Now we show that one can use a QNN with multi-qubit interactions to construct quantum gates such as CNOT, Toffoli, and Fredkin gates without the necessity of hidden layers. In comparison, one can demonstrate that a QNN with only two-qubit interactions cannot construct the above mentioned quantum gates in the same conditions. This will be shown later. As quantum gates are reversible, the number of input and output qubits of quantum gates should be equal. Hence, the number of the neurons in the input equals that in the output. Correspondingly, the cost function is changed into

$$\begin{aligned} C=\frac{1}{2Nk}\sum _{n=1}^N \sum _{i=1}^k (y_i^{(n)} -t_i^{(n)})^2, \end{aligned}$$

(21)

where k is the number of quantum perceptrons.

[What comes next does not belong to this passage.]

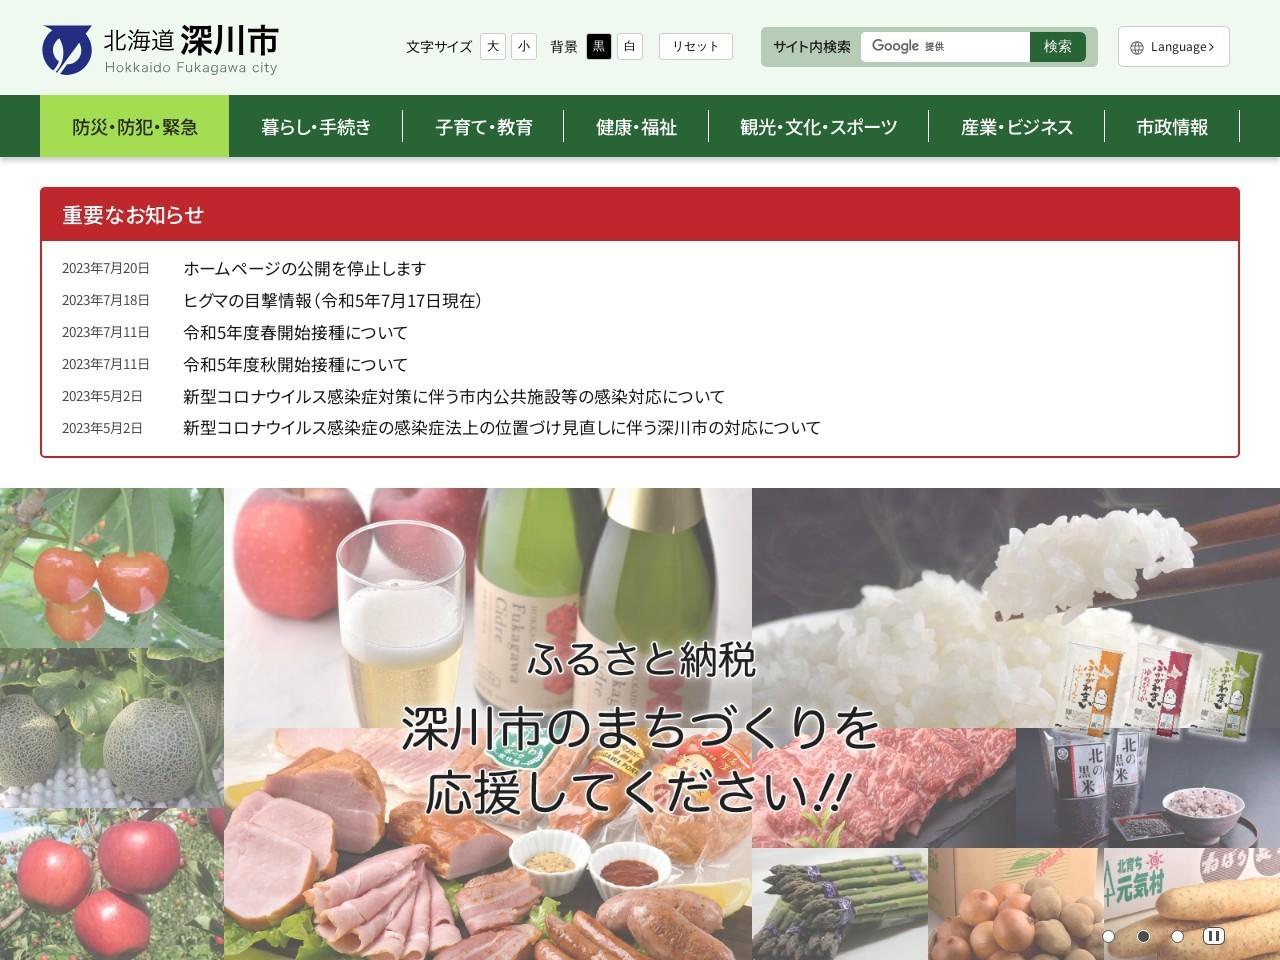 https://www.city.fukagawa.lg.jp/cms/section/kankyo/uo2pli0000006xea.html

For CNOT gate where $k=2$, the truth table and the schematic configuration of the QNN is shown in Fig. 3a,b respectively, where each perceptron (output neuron) gives the output value $y_{i} = \frac{1}{2}(1+\langle \hat{\sigma }_{\textrm{out,i}}^z\rangle )$. The first perceptron should have the same value as the first input neuron, while the second one aims to achieve the same value as the XOR output of two input neurons, i.e. $\hat{\sigma }^z_{\textrm{out,2}} = \hat{\sigma }_1^z \oplus \hat{\sigma }_2^z$⁵². The neural potential of the second perceptron is

$$\begin{aligned} \hat{x}_2 = w_{21} \hat{\sigma }_1^z + w_{22} \hat{\sigma }_2^z + b_2 + w_{\textrm{m}} \hat{\sigma }_1^z\hat{\sigma }_2^z, \end{aligned}$$

(22)

and the first perceptron has two-qubit interaction terms. We find that this is the most concise choice, as it requires least connectivity. We obtain the cost function value (using Eq. (21) $C<1\%$ at epoch $=116$ and $C\rightarrow 0$ at a larger epoch, as shown in Fig. 4a (solid-blue with squares) indicating the satisfaction to train a CNOT gate well. On the contrary, training such a CNOT gate by a QNN with only two-qubit interaction terms leads to a C tending to 0.0625 at large epoch, see Fig. 4b. This indicates that a standard QNN cannot encode the CNOT without hidden layers.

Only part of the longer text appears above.